There has also been considerable success during his playing career to offset the frustrating moments, and Weinhart returned to play in the Georgia PGA Section in 2008 undeterred by his difficult year on the Nationwide Tour.
He won three straight Player of the Year titles from 2009-11, capturing an elusive Atlanta Open title for the only time in 2009 to complete the Georgia PGA Grand Slam, along with the second of what is now six career victory in the Georgia PGA’s qualifier for the national club pro championship.

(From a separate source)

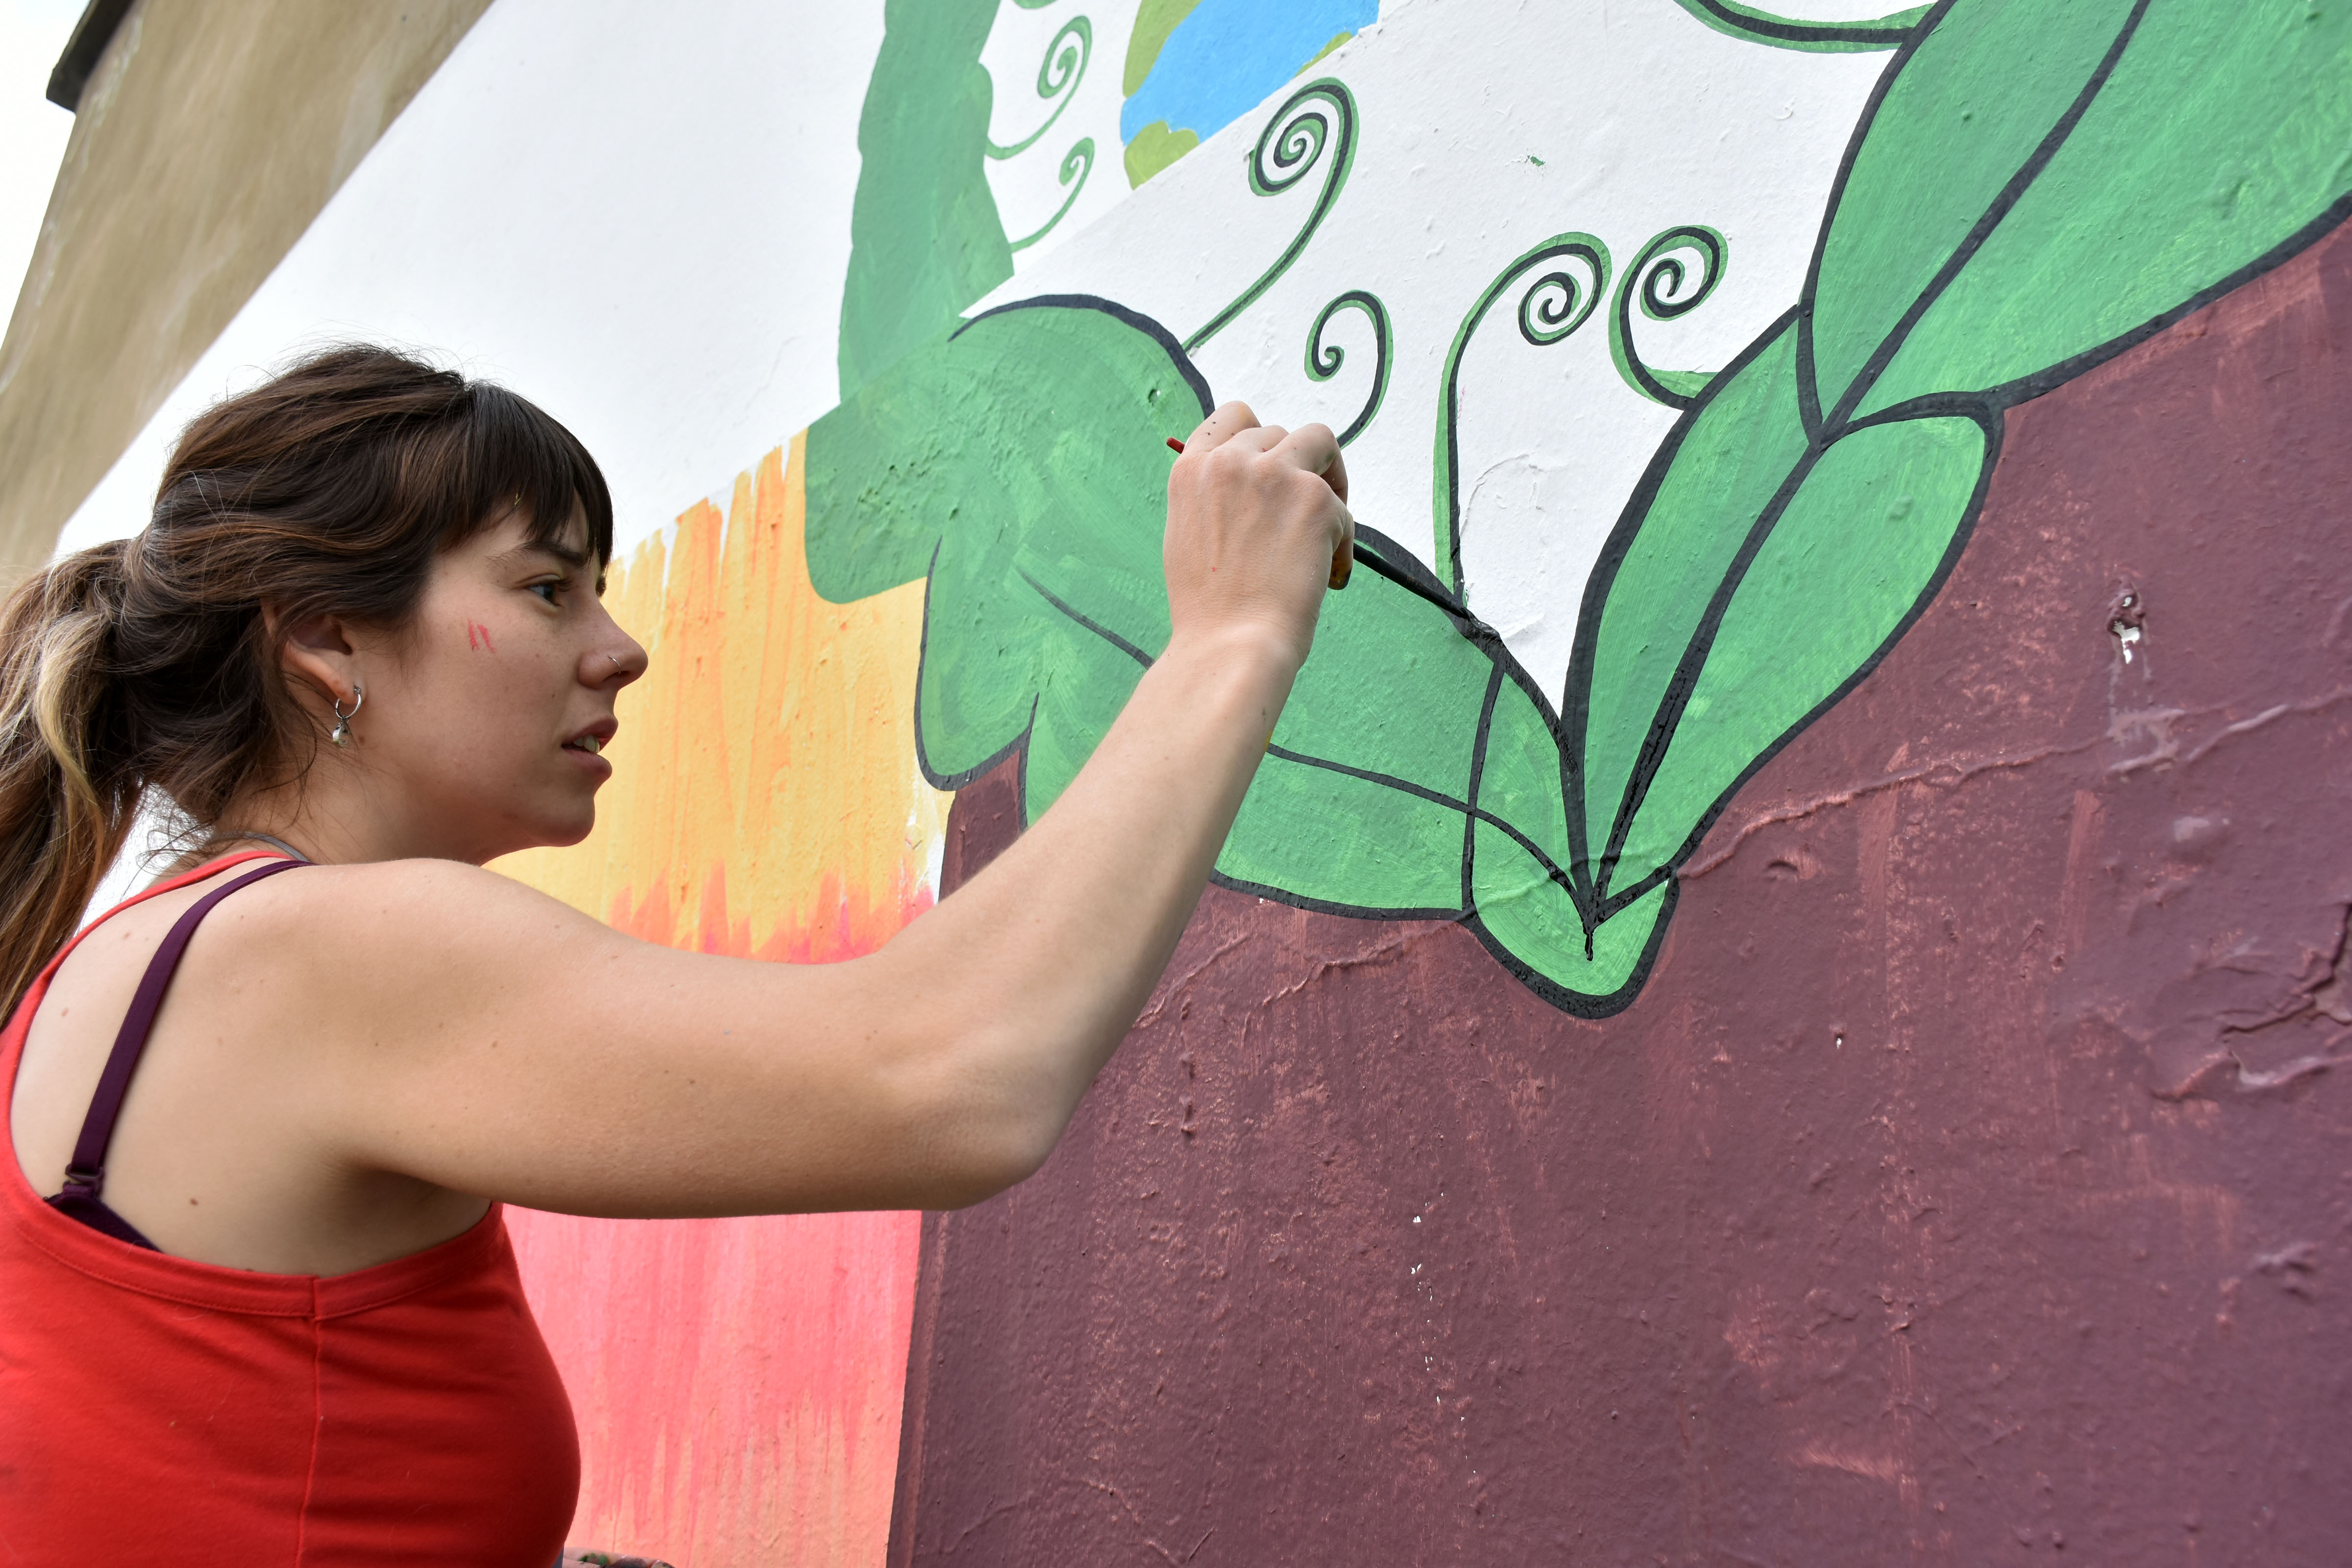 La muralista Yamila Gómez, más conocida como la Chini, se encargó de llevar la obra a una pared de siete metros de ancho por cuatro de alto. Lo hizo con mucha emoción porque se sintió identificada con el mensaje. Podría haber sido ella de niña. Priscila está contenta con la versión de la artista porque los colores eran similares a los suyos.

“I’ve always been good at qualifying,” says Weinhart, with the national club pro event the best example. He qualified for nationals for the first time in 1998, and after missing out the next year, qualified for the next 15 years in a row. He will be in the national club pro this year for the 20thtime in the last 23 years and has three top 10s along with two other finishes high enough to get him into the PGA Championship.
One of Weinhart’s fonder qualifying memories dates back to 1996, when survived a 7-players-for-2-spots playoff in a Nike event in Buffalo, close to the city he was born in.

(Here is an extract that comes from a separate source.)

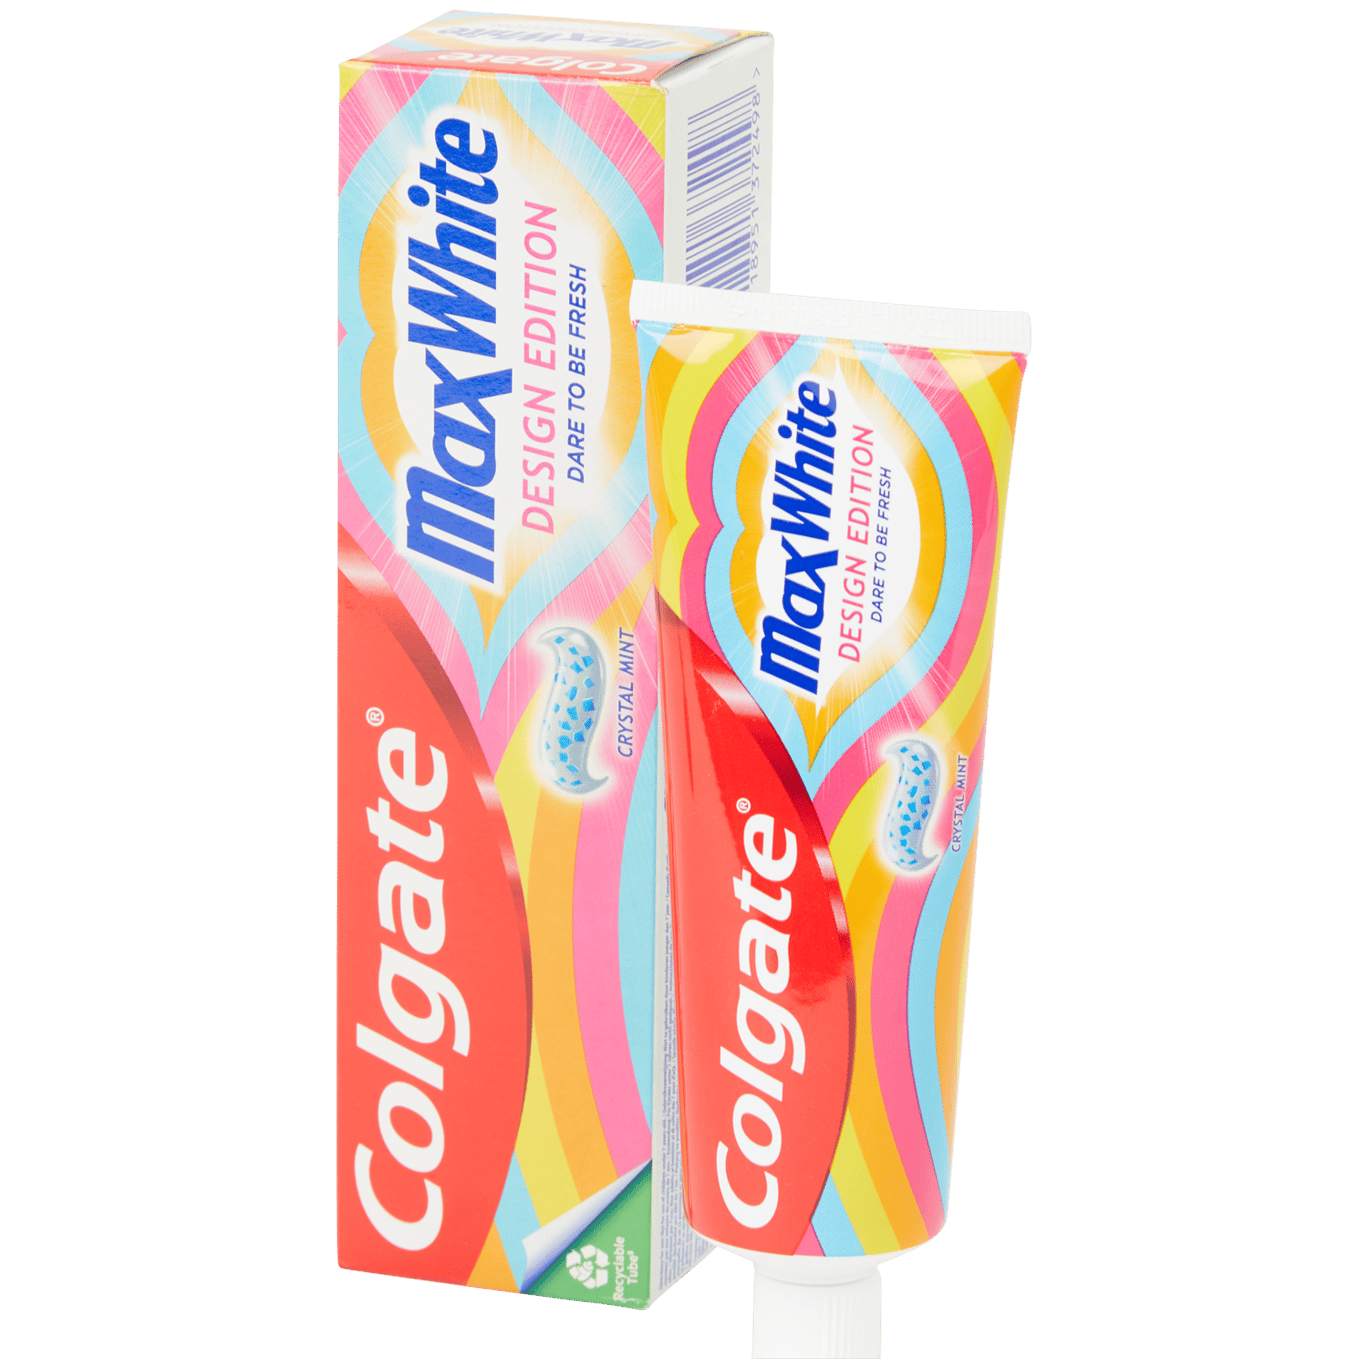 Colgate tandpasta Max White Limited Edition

Over his career in the Georgia PGA, Weinhart has won 18 points events, including the PGA club pro qualifier six times and the Section Championship and Match Play Championship three times each. He also won the Assistants’ Championship three times along with six team events, among them the Pro-Pro Scramble for the third time last year.

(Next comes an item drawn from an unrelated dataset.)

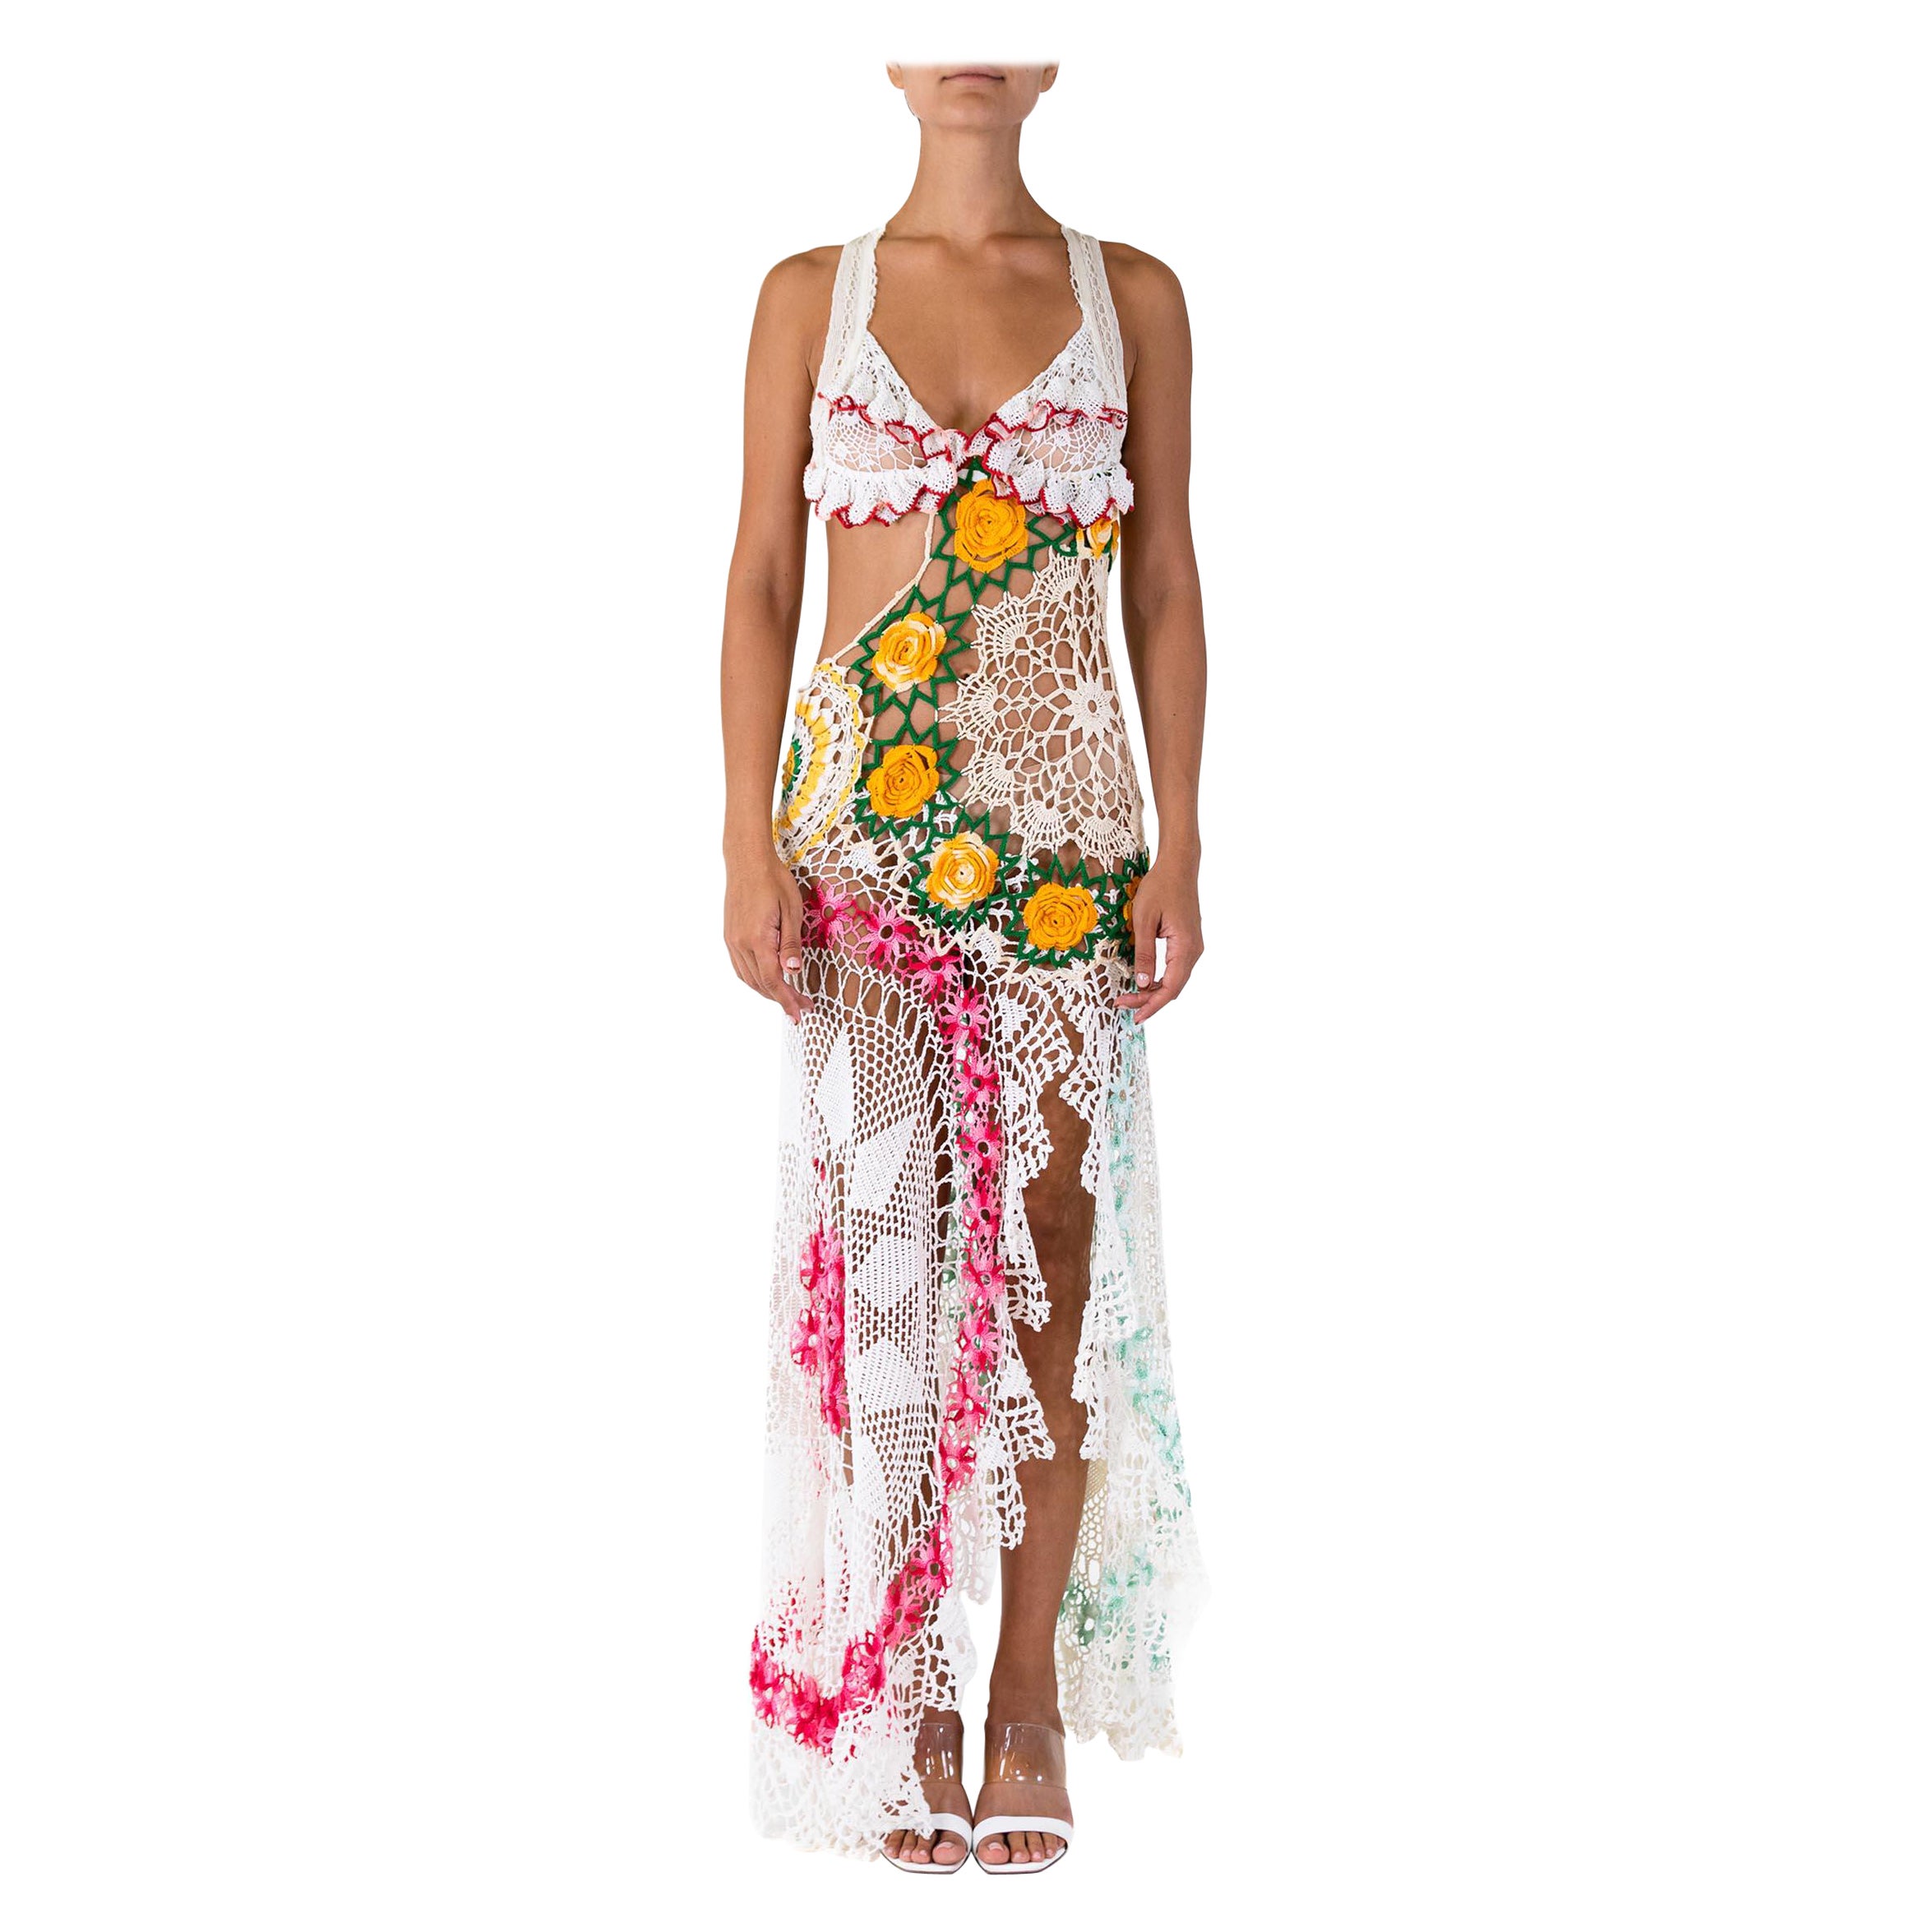 MORPHEW COLLECTION Multicolor Cotton Crochet Long Vintage Doily Dress

Weinhart turned 50 in 2019, making him eligible for senior events, and won the Georgia PGA Senior Championship soon thereafter. That qualified him for the Senior PGA Professional Championship and he shot a final round 68 to record a top-30 finish and qualify for the 2020 Senior PGA Championship, a major on the Champions Tour.
After electing not to compete in qualifying for the Champions Tour last year, Weinhart will attempt to qualify for a handful of Champions events this season. He made it through a pre-qualifier in Naples, Fla., earlier this year, but came up two shots short in the final qualifier. He will try to qualify for the event in Biloxi in late March and the annual stop at Sugarloaf in mid-April, but other than the U.S. Senior Open, which holds one-day qualifiers all over the country, and a possible second shot at qualifying for the Senior British Open, he won’t have any other events within driving distance until late in the season.
Turning 50 did not impact Weinhart’s play in Georgia PGA events last year, as he earned Player of the Year honors for the 10thtime, placing second in the Section Championship and winning the qualifier for the national club pro for a sixth time, both after he reached the big 5-0.
Weinhart begins his quest for an 11thPlayer of the Year title this month with the Match Play Championship, and with senior events, including the Senior PGA Championship, also on his schedule, will have an even busier than usual playing schedule along with his teaching duties at Heritage and Woodmont.
All that will follow his induction into the Georgia Golf Hall of Fame along with three others, among them Dalton amateur David Noll, a frequent Weinhart opponent in the Peters Cup matches between the Georgia PGA and GSGA.